I manage the network in a small company (10 employees).

The last couple of months, several employees have started to use internet radio, streaming music all day long. This is having a negative impact on the performance of internet for the other employees.

We have asked repeatedly to stop listening to the radio, but after 5 minutes, they switch the radio back on. It's all quite childish really. Then the discussion starts about which channel to listen to. One person likes a "humor", his colleaguies are annoyed because they have to listen to the same stupid jokes all day day long. 

So here is my question: how could I block these internet radios technically on our server?
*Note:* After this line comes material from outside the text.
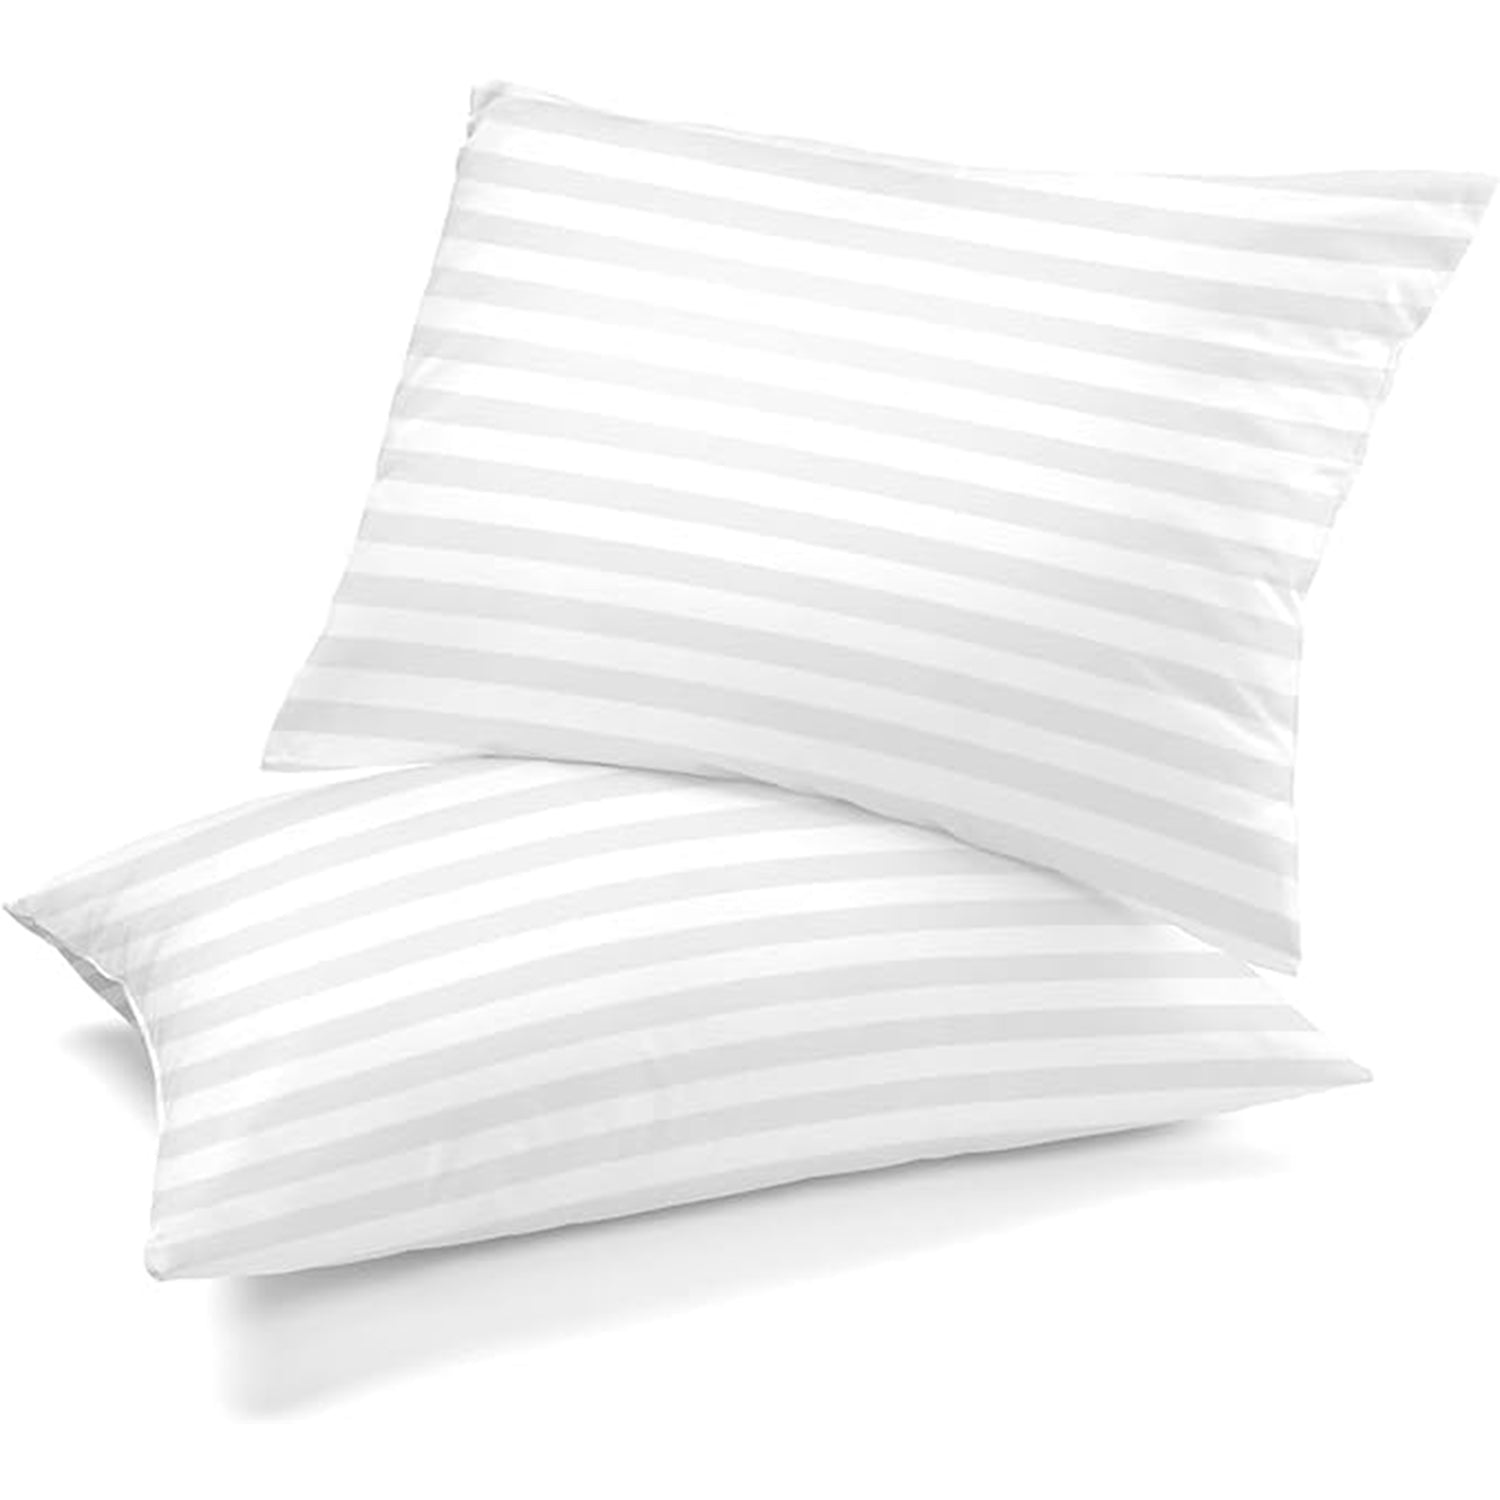 Strip Hotel Quality Pillow - Experience Luxurious Comfort

Not everybody is using the same website for their radio, so I guess I would first have to detect the audio stream, then block it somehow. All internet traffic is routed over our MS Small Business Server.


----------



## Phantom010 (Mar 9, 2009)

Some firewalls will block desired extensions and content types, like .wmv, .avi, etc...

Read this. Also this.

I've read that most streaming sites use port 80. You could set up a proxy server. Block port 80 and use 8080 for instance.

You could also use the Group Policy editor:

User Configuration > Administrative Templates > Windows Components > Windows Media Player > Networking.

Now choose the Streaming Media Protocols element (which will probably
be set to "Not Configured") and set it to Disabled. You might also
want to "Hide Network Tab".

Can't company management control 10 employees?!? A strict policy would be much easier to enforce for 10 than for 100 employees. However, happy employees are normally more productive...


----------



## plejon (Jul 26, 2001)

I know, this is all so childish. It started out innocently, but now it is spiraling out of control and it is making everyone unhappy. 

One of the guys likes a joke channel, listens to comedians telling lame jokes all day long. It's seriously annoying, and when you're on the phone with a customer, it really doesn't sound very professional. One of the girls is a Simply Red fan and plays the same CD at least once a day. Now another guy started to listen to sports matches. When we asked him if he couldn't watch sports at home, he says if X can listen to jokes, why can't I listen to sports. The people that work on the internet a lot complain because it slows down to a crawl if 4-5 other people have a radio or in the case of the sports fan a video stream on all the time. 

We asked to stop listening to the radios. I pass by somebody's desk, radio is on, I ask to turn it off as agreed, I turn my back and five minutes later it is on again. It is very frustrating, maybe I should just buy them all headphones ....


----------



## lunarlander (Sep 22, 2007)

Maybe you can set up QoS ( quality of service ) on your switch for all users so that they are given a preset bandwidth. Those that want to do internet radio streaming will just have to suffer the lag.


----------



## Phantom010 (Mar 9, 2009)

And maybe you could give us a little feedback on what you have tried so far... Have you tried any of my suggestions? Did you find a solution?


----------



## 1SillyBilly (Jul 3, 2008)

What does management think about this use of resources? Ten employees are not that difficult to oversee. A memo to all with consequences for failure to comply should make the Policy effective, especially if one employee got fired.

I managed many more than ten employees. I wanted team players only.


----------